Obama’s victory speech in Iowa is already being hailed as one of the ‘great’ speeches. I think it takes time for great speeches to be recognised, so I’ll reserve my personal judgement on that.
But central to that speech is a long definition of hope. Obama’s words are worth quoting in detail:
…hope is not blind optimism. It’s not ignoring the enormity of the task ahead or the roadblocks that stand in our path. It’s not sitting on the sidelines or shirking from a fight.
Hope is that thing inside us that insists, despite all evidence to the contrary, that something better awaits us if we have the courage to reach for it, and to work for it, and to fight for it.
Hope is what led a band of colonists to rise up against an empire; what led the greatest of generations to free a continent and heal a nation; what led young women and young men to sit at lunch counters and brave fire hoses and march through Selma and Montgomery for freedom’s cause.
Hope—hope—is what led me here today – with a father from Kenya; a mother from Kansas; and a story that could only happen in the United States of America.

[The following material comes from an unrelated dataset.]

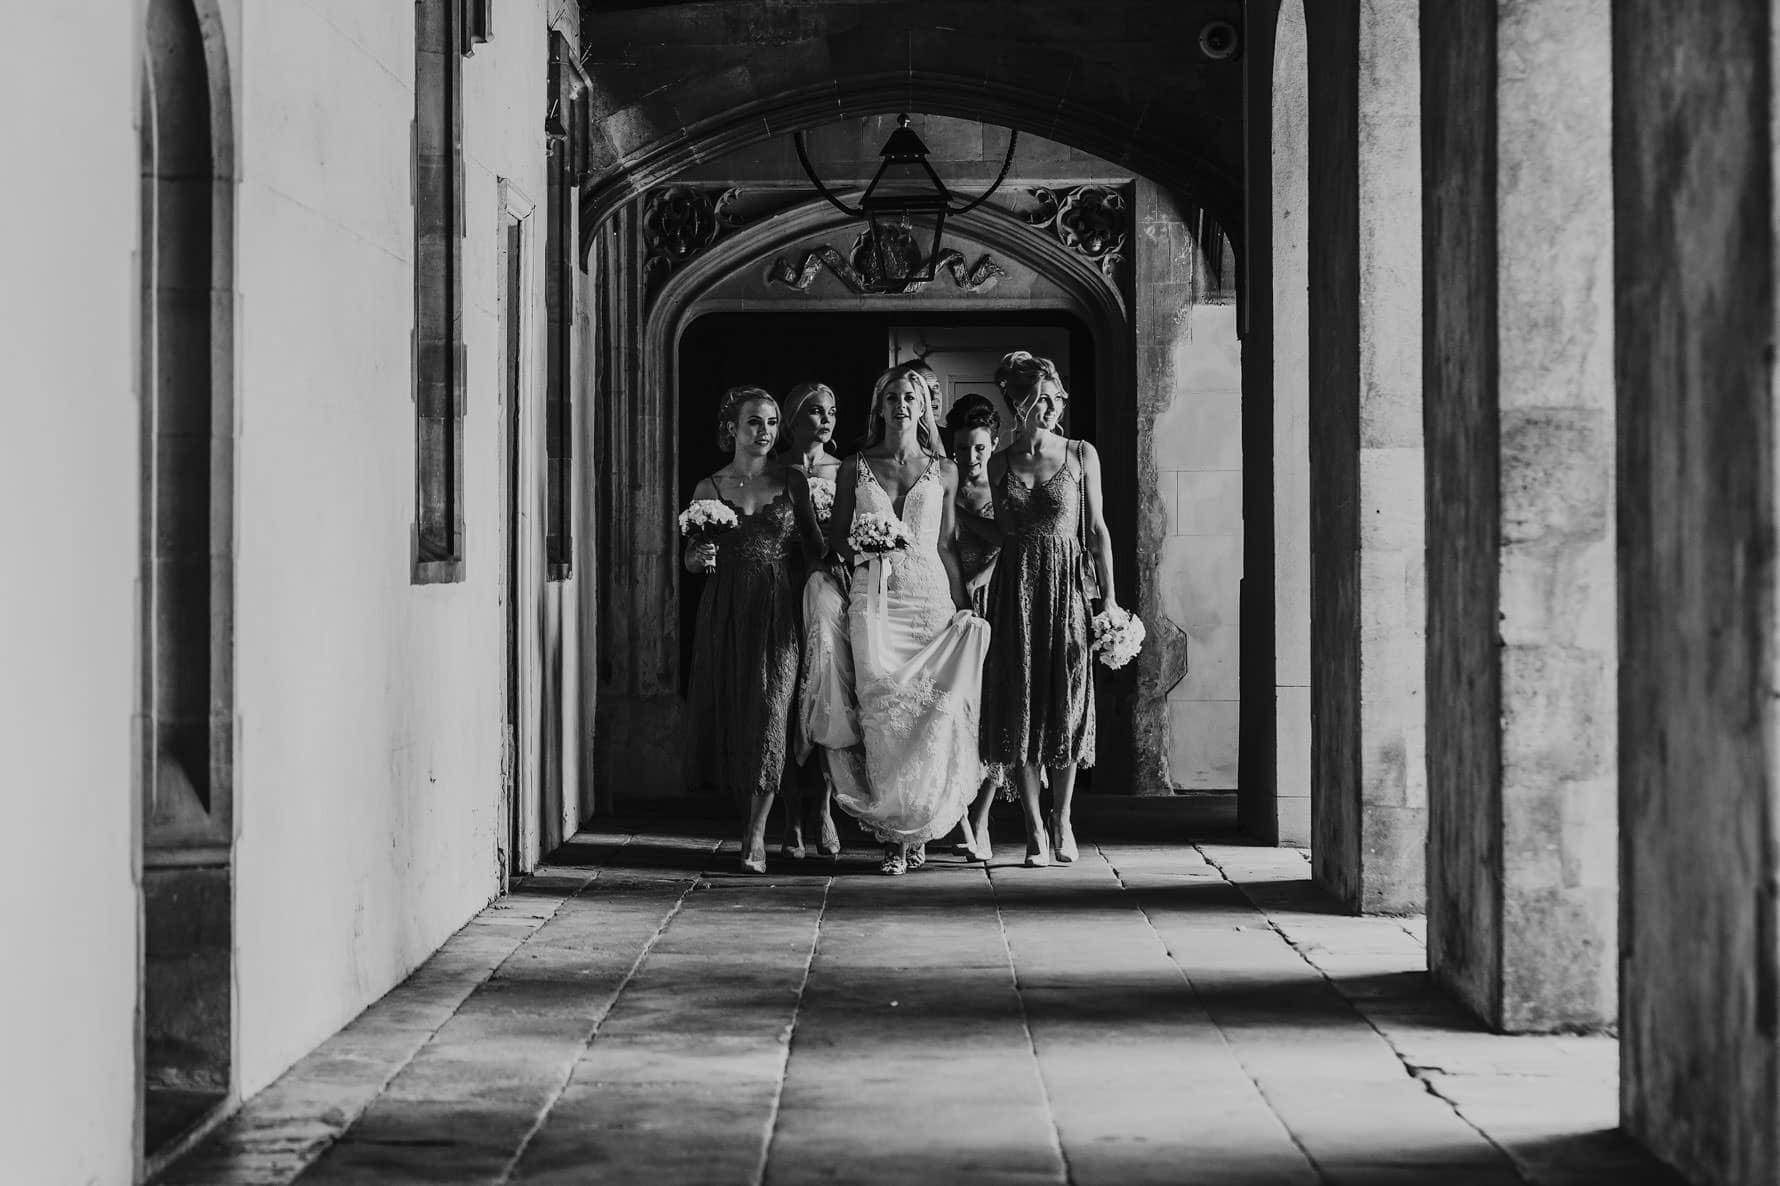 Bride and bridesmaids walking towards a wedding ceremony

Hope is the bedrock of this nation; the belief that our destiny will not be written for us, but by us; by all those men and women who are not content to settle for the world as it is; who have the courage to remake the world as it should be.
Obama is resting his campaign on this one, flexible, powerful word.
Hope is mankind’s greatest virtue. Without hope there would be little chance of innovation, determination, or bravery in the face of despair. Pandora’s box exposed us to all evils, but hope remained. And that myth also gives us another clue to the word’s potency: its ancient origins. It is not a bedrock, just, of America: it is a bedrock of all of mankind.
And everyone responds to a a little bit of flattery too. America is being flattered in the speech, as the country most capable of embracing hope and changing things for the better. And everyone responds well to a challenge, to the roll-up-your-sleeves encouragement and the rallying cries of the great motivators.
Challenging Obama on the specifics misses the point. Modern American politics is not about specifics. It is about the big message, the selling of a dream. And none have come bigger and more polished than Obama’s Theory of Hope. Inevitably, he will be challenged to offer more details, to make difficult choices, to alienate some constituencies. His opponents have no other option but to fight him on the ground he is weakest on: experience and the ability to make tough decisions. If he overcomes those challenges, then he has every chance of succeeding.